CORNELIA
Figlia di Scipione e madre dei Gracchi. Da un passo di Plinio (Nat. hist., xxxiv, 31) e da uno di Plutarco (Ti. et C. Gracch., 25 (4), 4) sappiamo che una statua raffigurante C., seduta, con i calzari senza lacci, si trovava anticamente nel portico di Metello e, successivamente, era stata trasferita nel portico di Ottavia. Proprio dai propilei del portico di Ottavia, nei pressi della chiesa di S. Angelo in Pescheria, fu estratta nel 1878 una base rettangolare di marmo pentelico, alta m o,8o, lunga m 1,20 e profonda m 1,75, ora collocata nel Museo dei Conservatori, che reca due iscrizioni, di cui la prima, sicuramente più antica, per i caratteri che si addicono al periodo augusteo, ci conferma che essa doveva sostenere una statua di C.: quella ricordata da Plinio: Cornelia Africani F. Graccorum; mentre la seconda (Opus Tisicratis), eseguita in caratteri del tardo Impero, ci permette di arguire una utilizzazione della base come sostegno di un'opera di Tisikrates (v.) a noi ignota. Al tempo della scoperta si notarono sulla base tracce dell'azione del fuoco causato, forse, dall'incendio dell'8o d. C. Questo incendio, che avrebbe gravemente danneggiato la statua, ne potrebbe aver consigliato successivamente la sostituzione con un'altra, posta sulla stessa base. La base capitolina dà motivo di supporre che C. fosse ritratta seduta per influsso dell'arte greca (non si dimentichi in proposito il filellenismo di Cornelia).

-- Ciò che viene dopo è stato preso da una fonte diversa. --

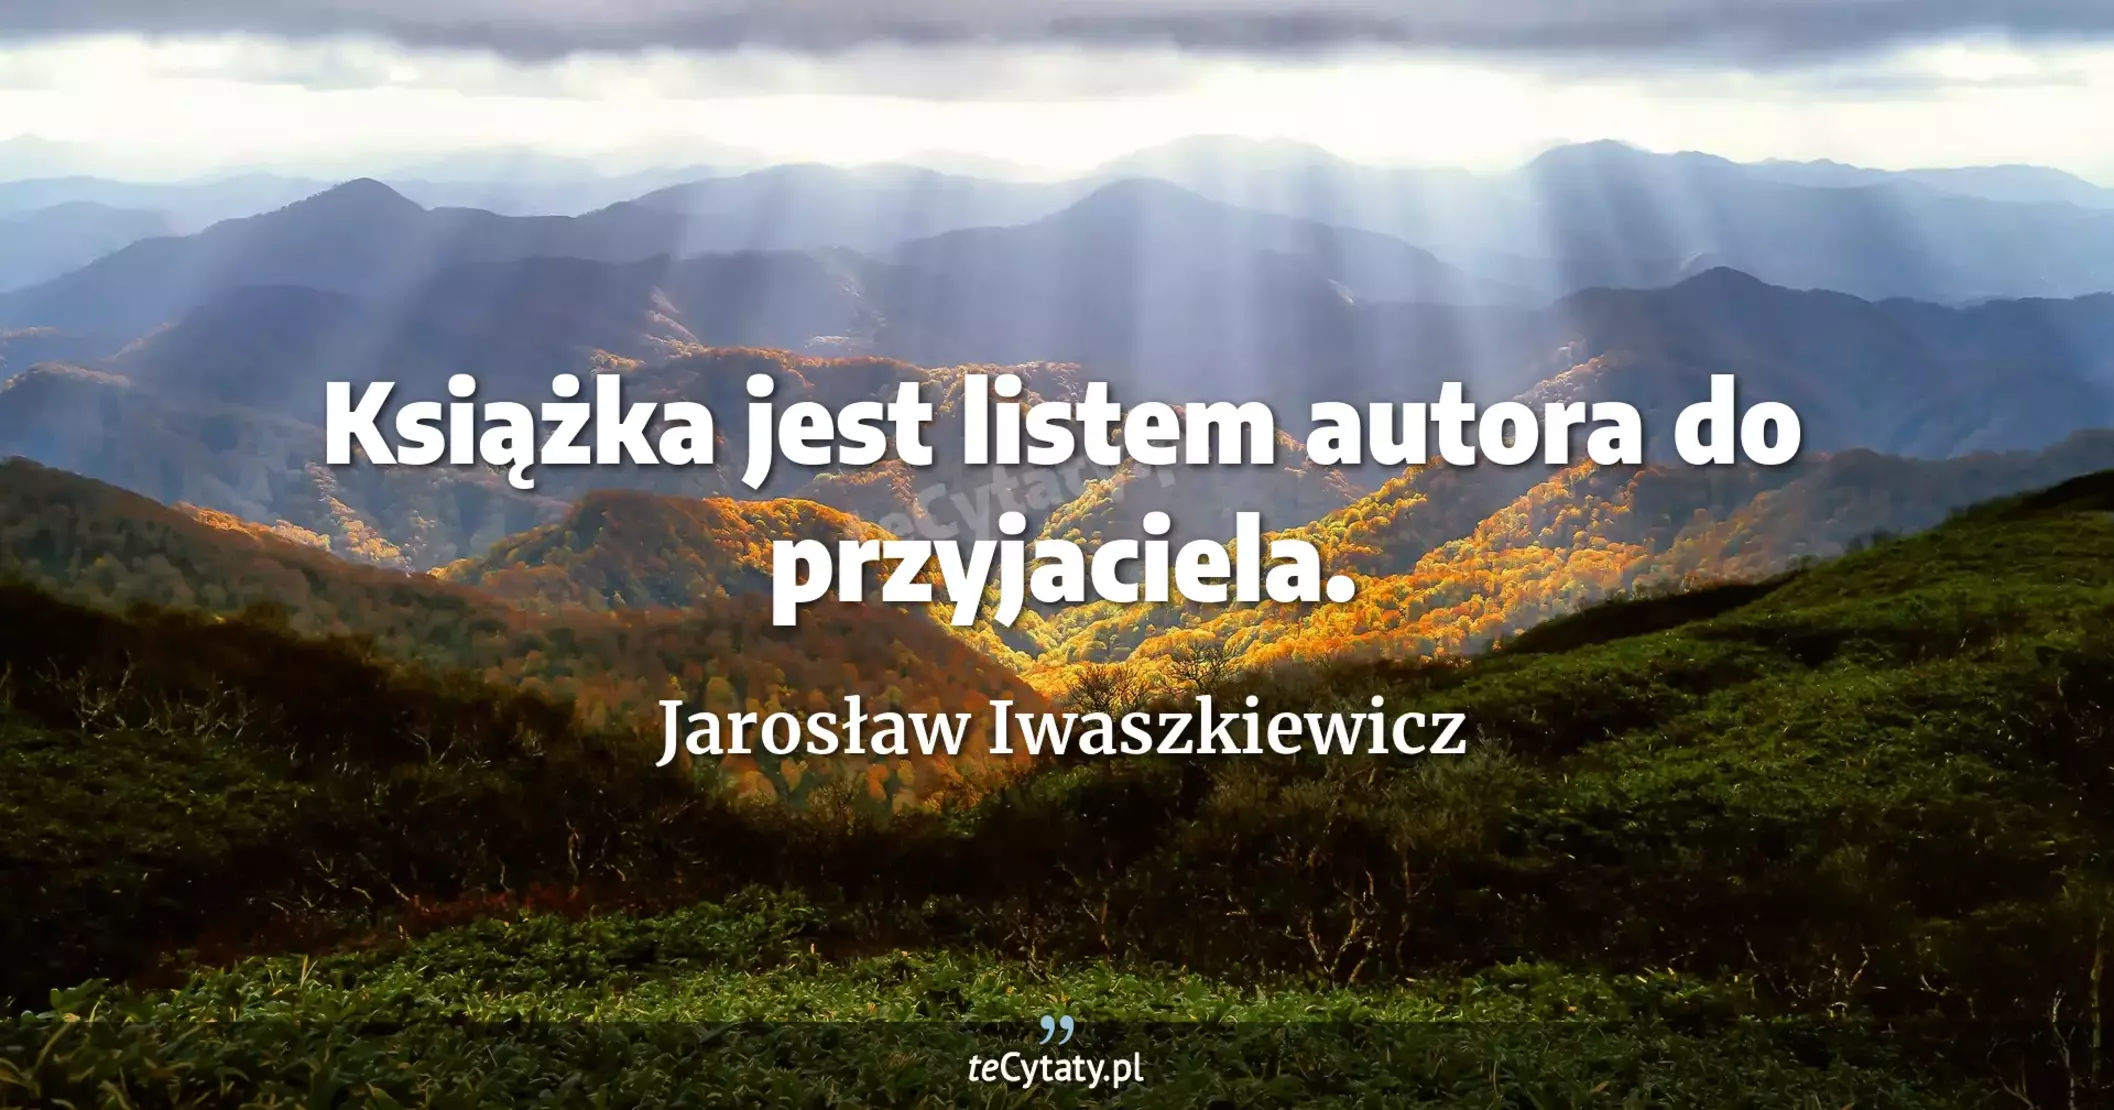 Książka jest listem autora do przyjaciela. - Jarosław Iwaszkiewicz
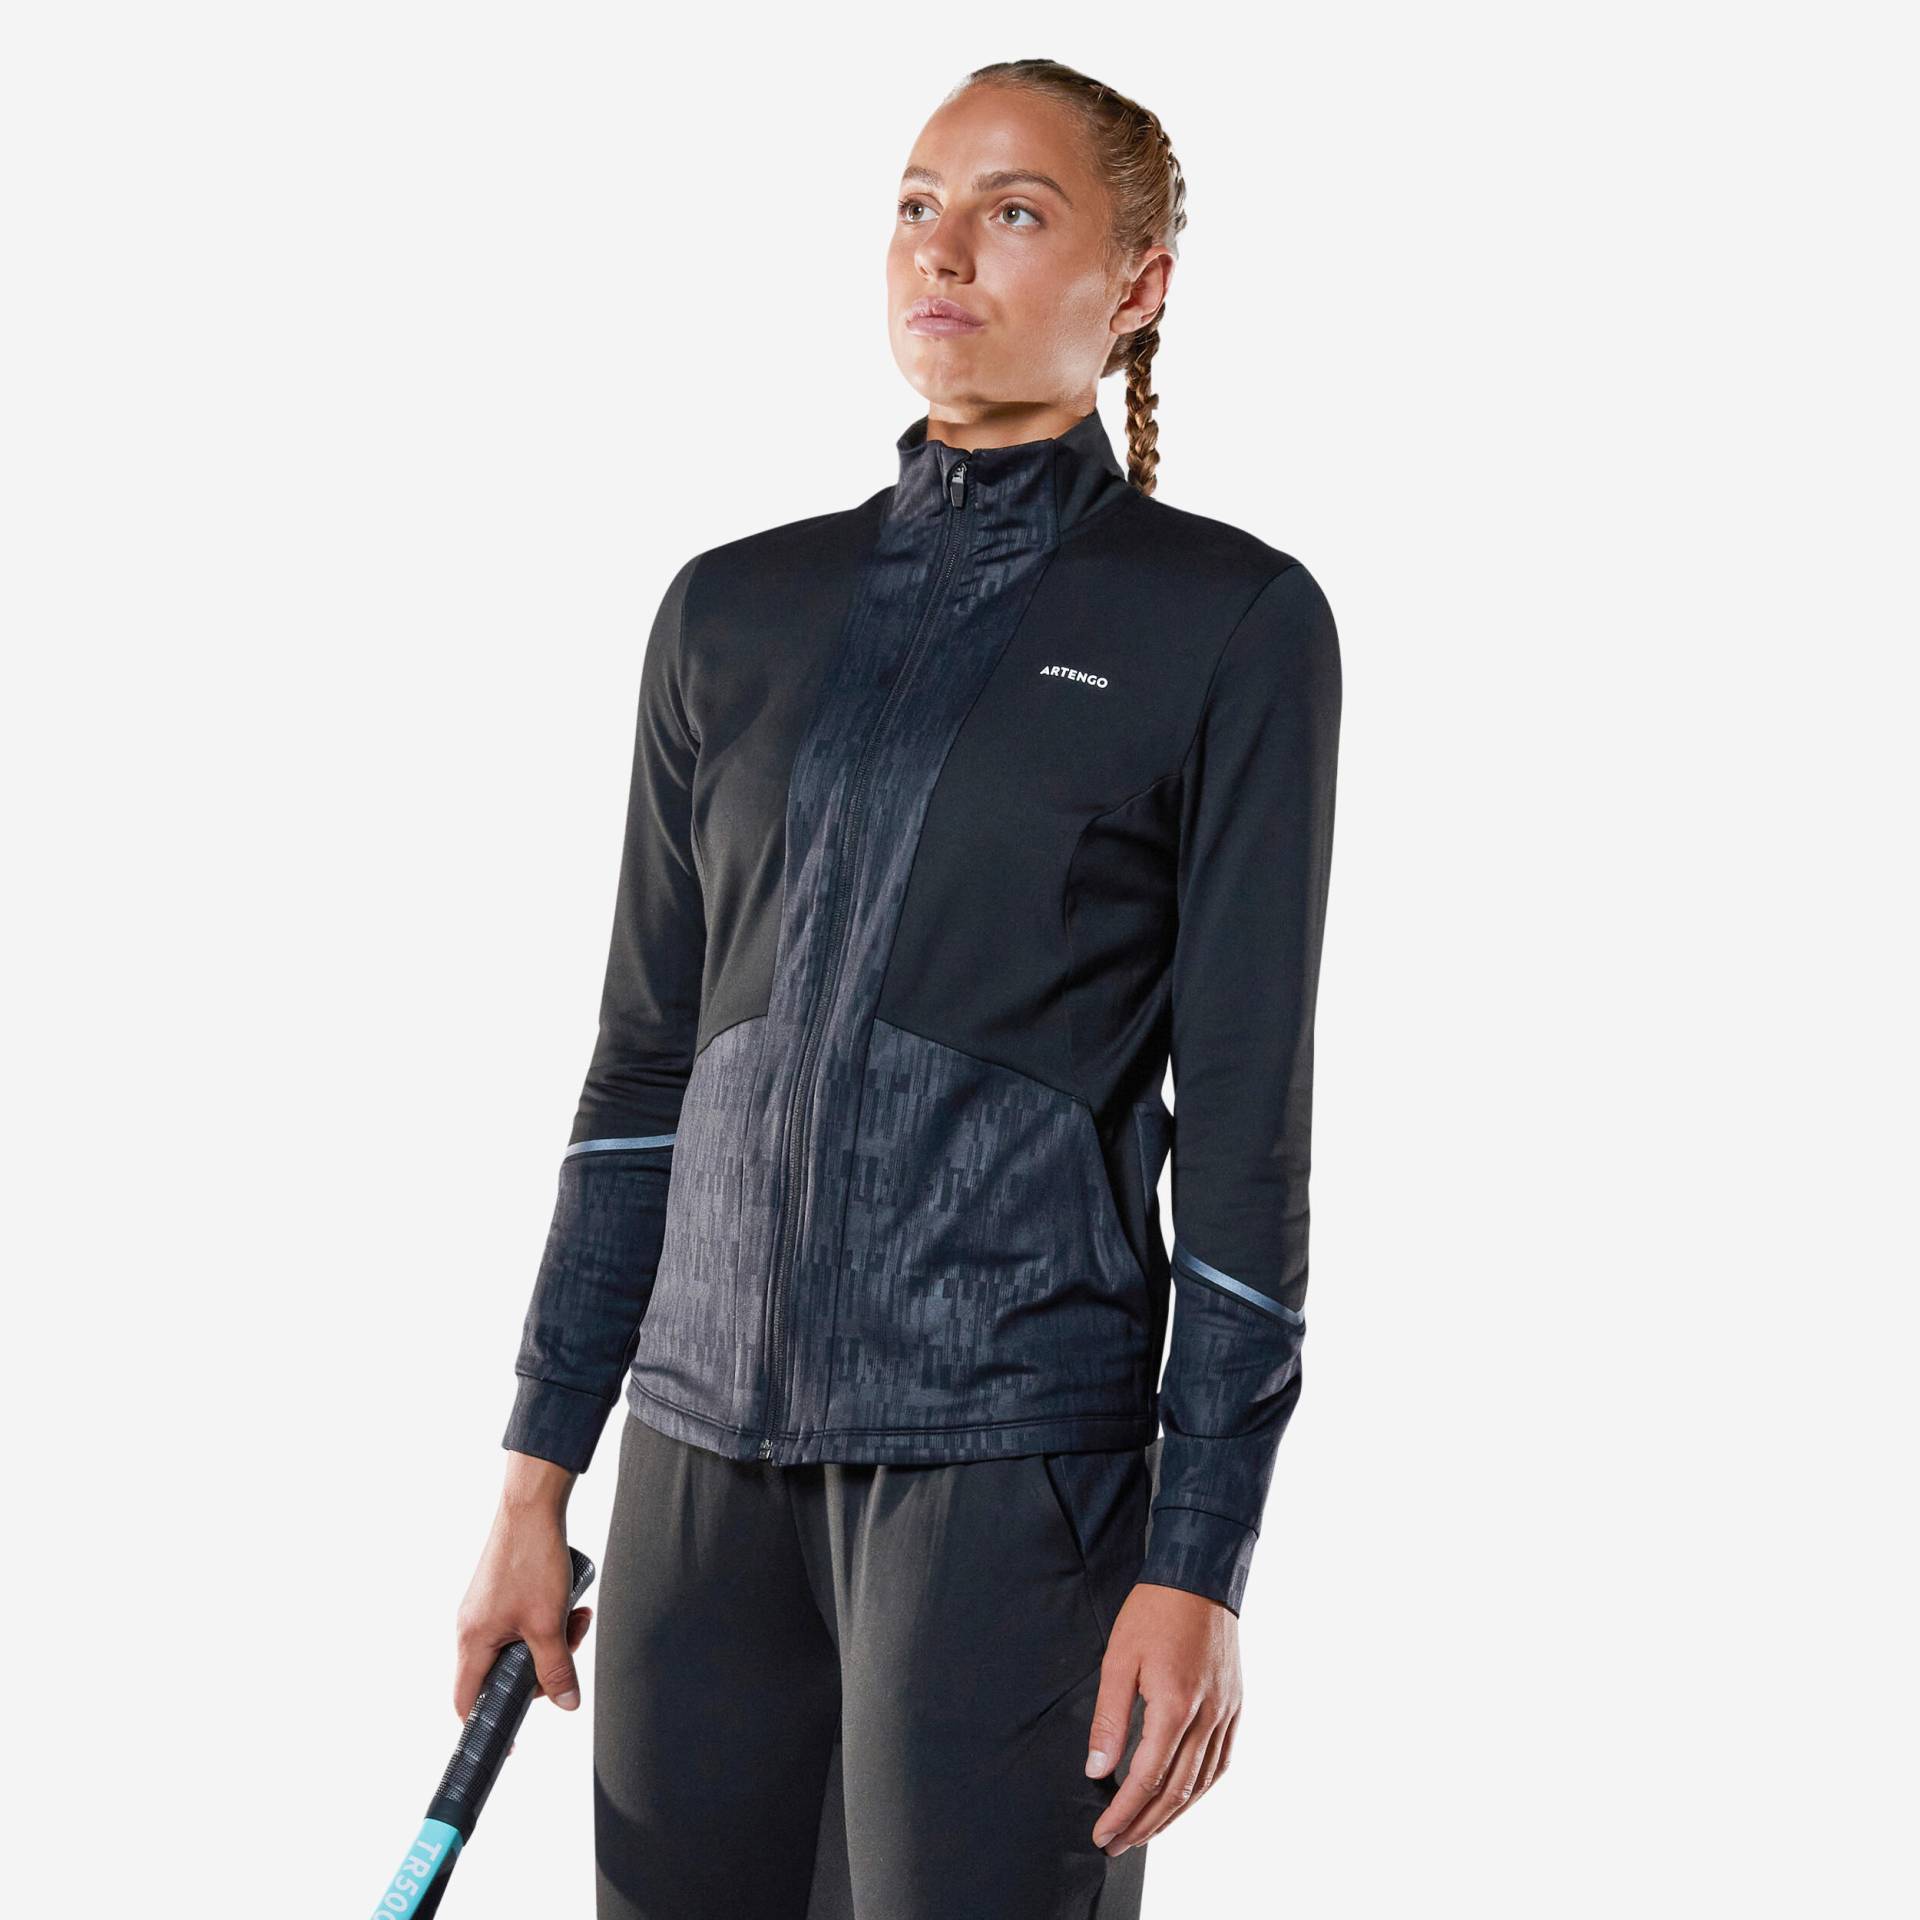 Damen Tennisjacke - Dry TH500 schwarz von ARTENGO

Il Vessberg è dell'opinione che la base appartenga ad un periodo successivo a quello della statua e che ne sostituisca una più antica.
Bibl.: J. J. Bernoulli, Röm. Ik., I, Stoccarda 1882, p. 72; E. Strong, La scultura romana da Augusto a Costantino, I, Firenze 1923, p. 9; G. Lugli, La zona archeologica di Roma, Roma 1924, p. 230; D. Mustilli, Il Museo Mussolini, Roma 1938, p. 24 s., n. 18; O. Vessberg, Studien zur Kunstgeschichte der römischen Republik, Lund-Lipsia 1941, p. 43.